Analytics and In-Memory Databases Are Changing Data Centers
Posted: Tue Jan 04, 2011 11:39 am
ECRM Guide article
Interesting article... not something we all probably didn't see happening though.
Power and Cooling, Memory Needs Drive Change
The trend toward in-memory analytics is being driven in part by power and cooling and memory demands.
Power and cooling needs expand as more and more servers are required as the database grows, as power and cooling requirements grow with the server count. Larger and larger amounts of memory are also needed, given the number of cores and the available processing power for each CPU. And the more memory you require, the more power and cooling you need.

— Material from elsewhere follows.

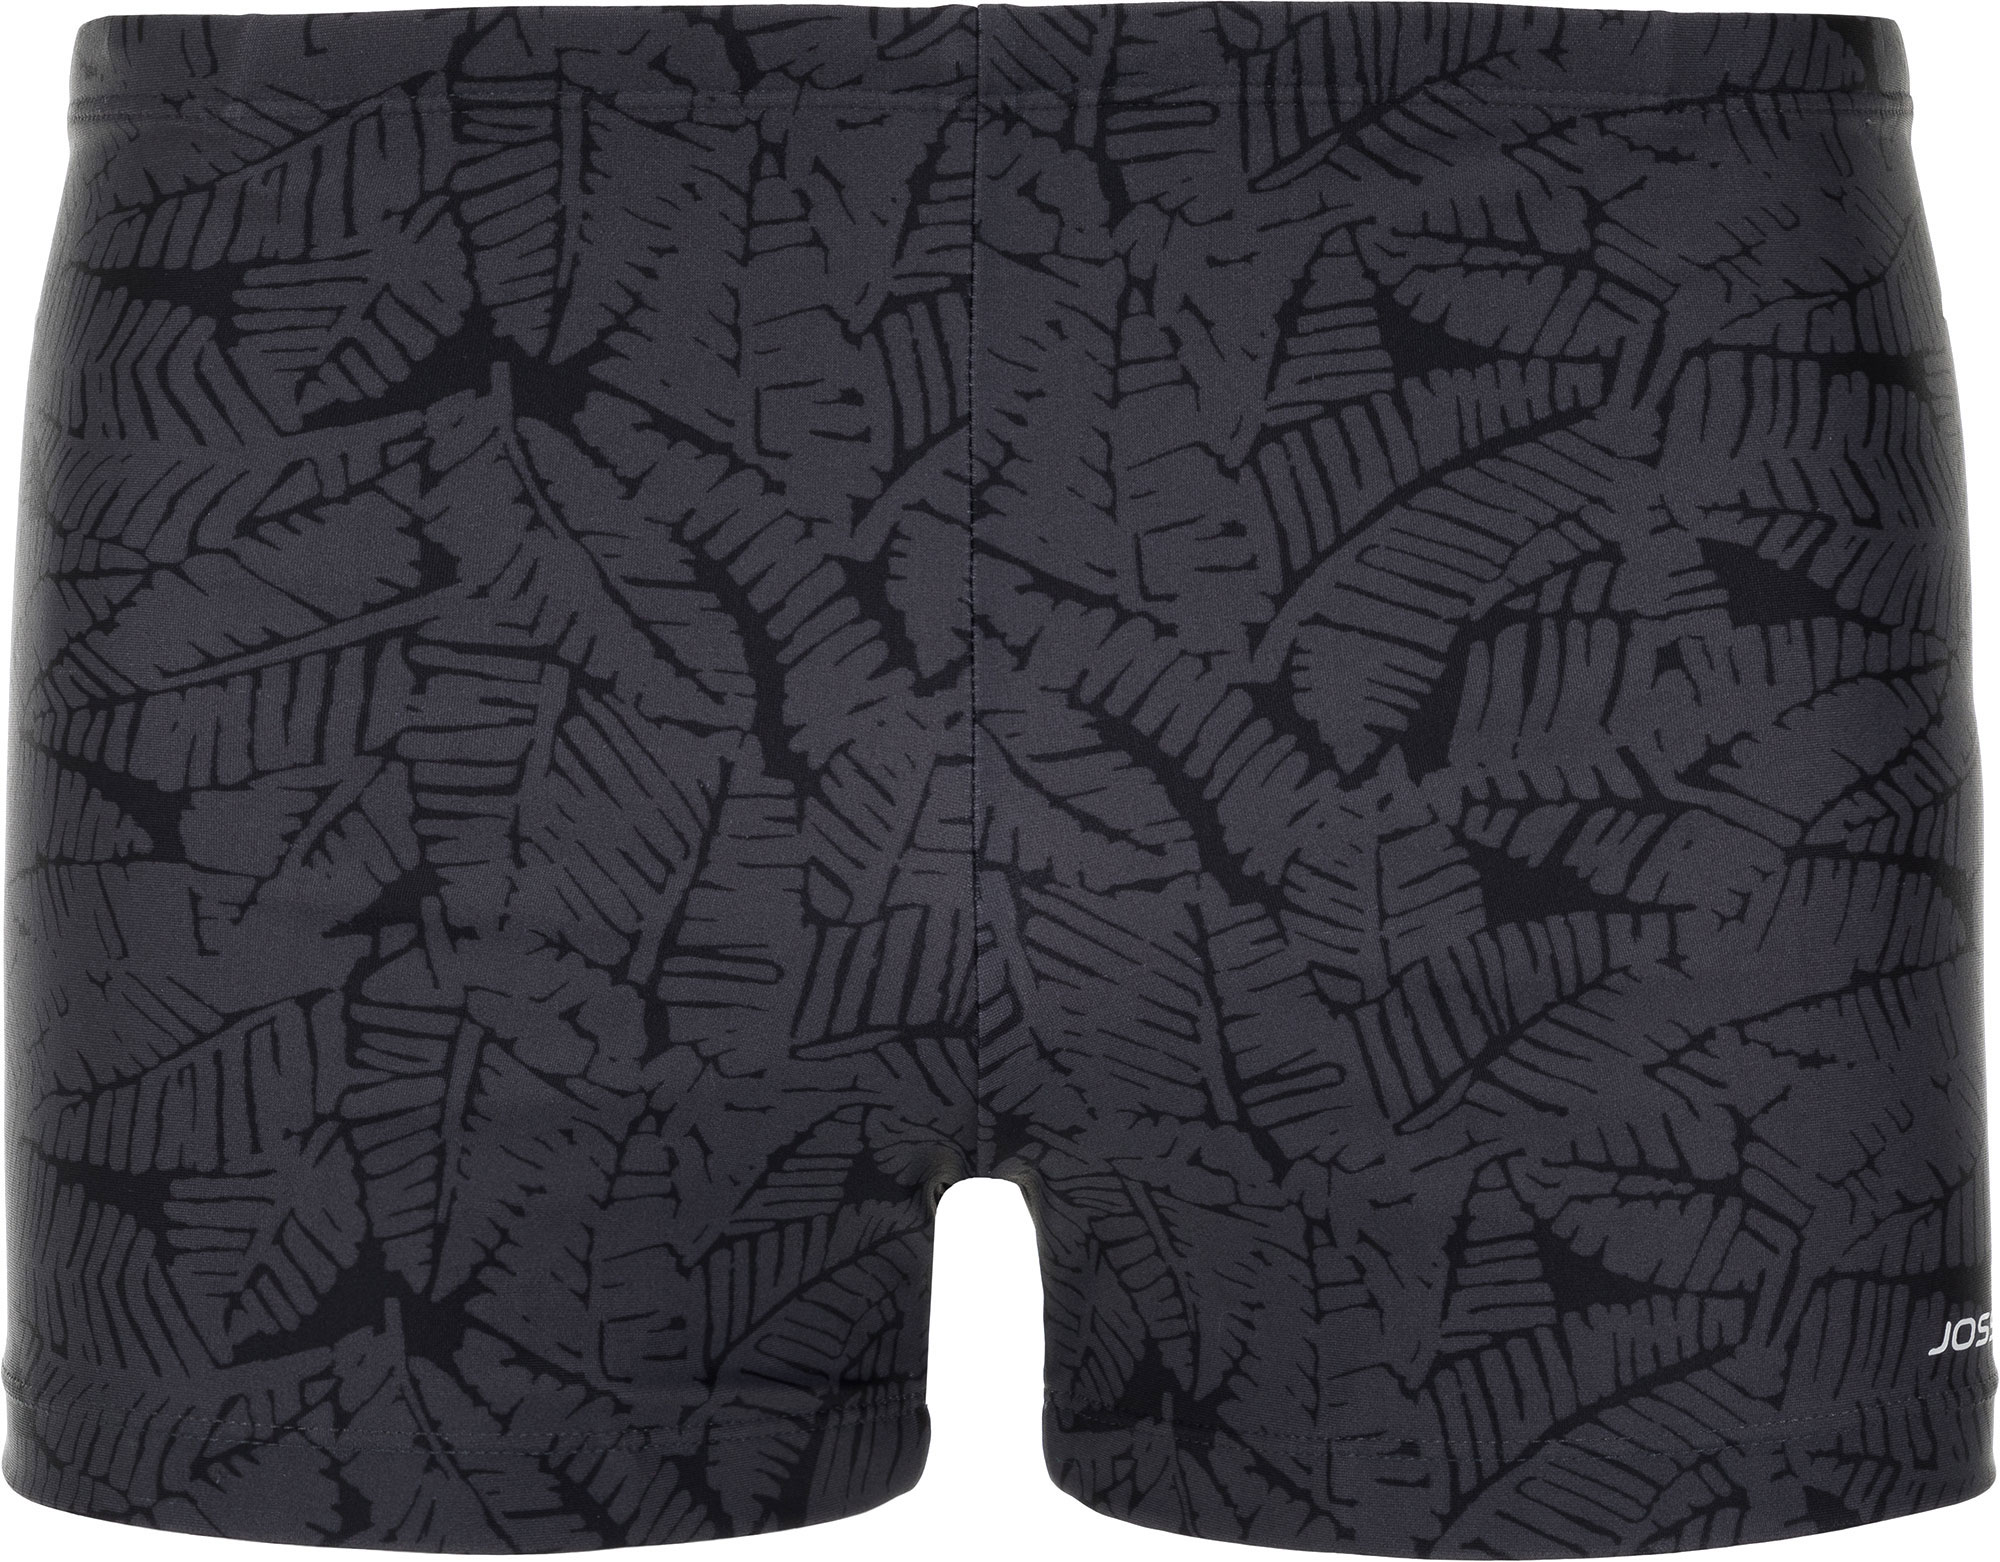 Joss Плавки-шорты мужские Joss, размер 54 цена

The number of watts for DDR3 with even 4 DIMM slots can exceed the number of watts required by a single processor, depending on the processor. Using more than 4 DIMM slots per processor is becoming more common, and of course the core count is growing with no end in sight. If you make the assumption that you need 2 GB of memory per core for efficient analytics processing, a 12 core CPU will need 24 GB of memory. The number of flash drives or PCIe flash devices needed to achieve the performance of main memory is not cost-effective, given the number of PCIe buses needed, the cost of the devices and the complexity of using them compared to just using memory.
I/O Complexity Slows the Data Path
Another reason that many data analytics programs have moved to memory-only methods is because of I/O complexity and latency.
Historically I/O has been thousands of times slower than memory in both latency and performance. Even with flash devices, I/O latency is milliseconds of latency compared to microseconds for main memory. Even if flash device latency improves, it still has to go through the OS and PCIe bus compared to a direct hardware translation to address memory.
Knowledge of how to do I/O efficiently is limited because I/O programming is not taught in schools. Other than using the C library fopen/fread/fwrite, not much more is taught from what I have seen, and even if high-performance, low-latency I/O programming were taught, there are still significant limits to performance because of minimal interfaces.
The cost of I/O in terms of operating system interrupt overhead, latency and the path through the I/O stack is another limitation. Whenever I/O is done, the operating system must be called to do the I/O. This has significant overhead and latency and cannot be eliminated given current operating system implementations.
The problem is that the I/O stack has not changed much at all in 30 years. This is what the data path looks like currently:
There are no major changes on the horizon for the I/O stack, which means that any application still has to go through interrupting the operating system, the file system POSIX layer and the SCSI/SATA driver. There are some flash PCIe vendors that have developed changes to the I/O stack, but they are proprietary. I see nothing on the standards horizon that looks like a proposal, much less something that all of the vendors can agree upon. The standards process is controlled by a myriad of different groups, so I have little hope of change, which is why storage will be relegated to checkpointing and restarting these in-memory applications. It is clear that data analytics cannot be efficiently accomplished using disk drives, even flash drives, as you will have expensive CPUs sitting idle.
Future Analytics Architectures
As data analytics demand more and more memory because of the increase in CPU core counts, new memory technologies will need to be developed and brought to market to address the requirements. Things like double-stacked DDR3, phase change memory (PCM), memristor and other technologies are going to be required to meet the needs of this market. Data analytics is a memory-intensive application, and even high-performance storage does not have enough bandwidth to address the requirements. Combine that with the fact that data analytics applications are latency intolerant and you have a memory-based application, as the storage stack is high latency and OS hungry compared to memory, even slower memory such as PCM or memristor, and this latency cannot be changed.
Interesting article... not something we all probably didn't see happening though.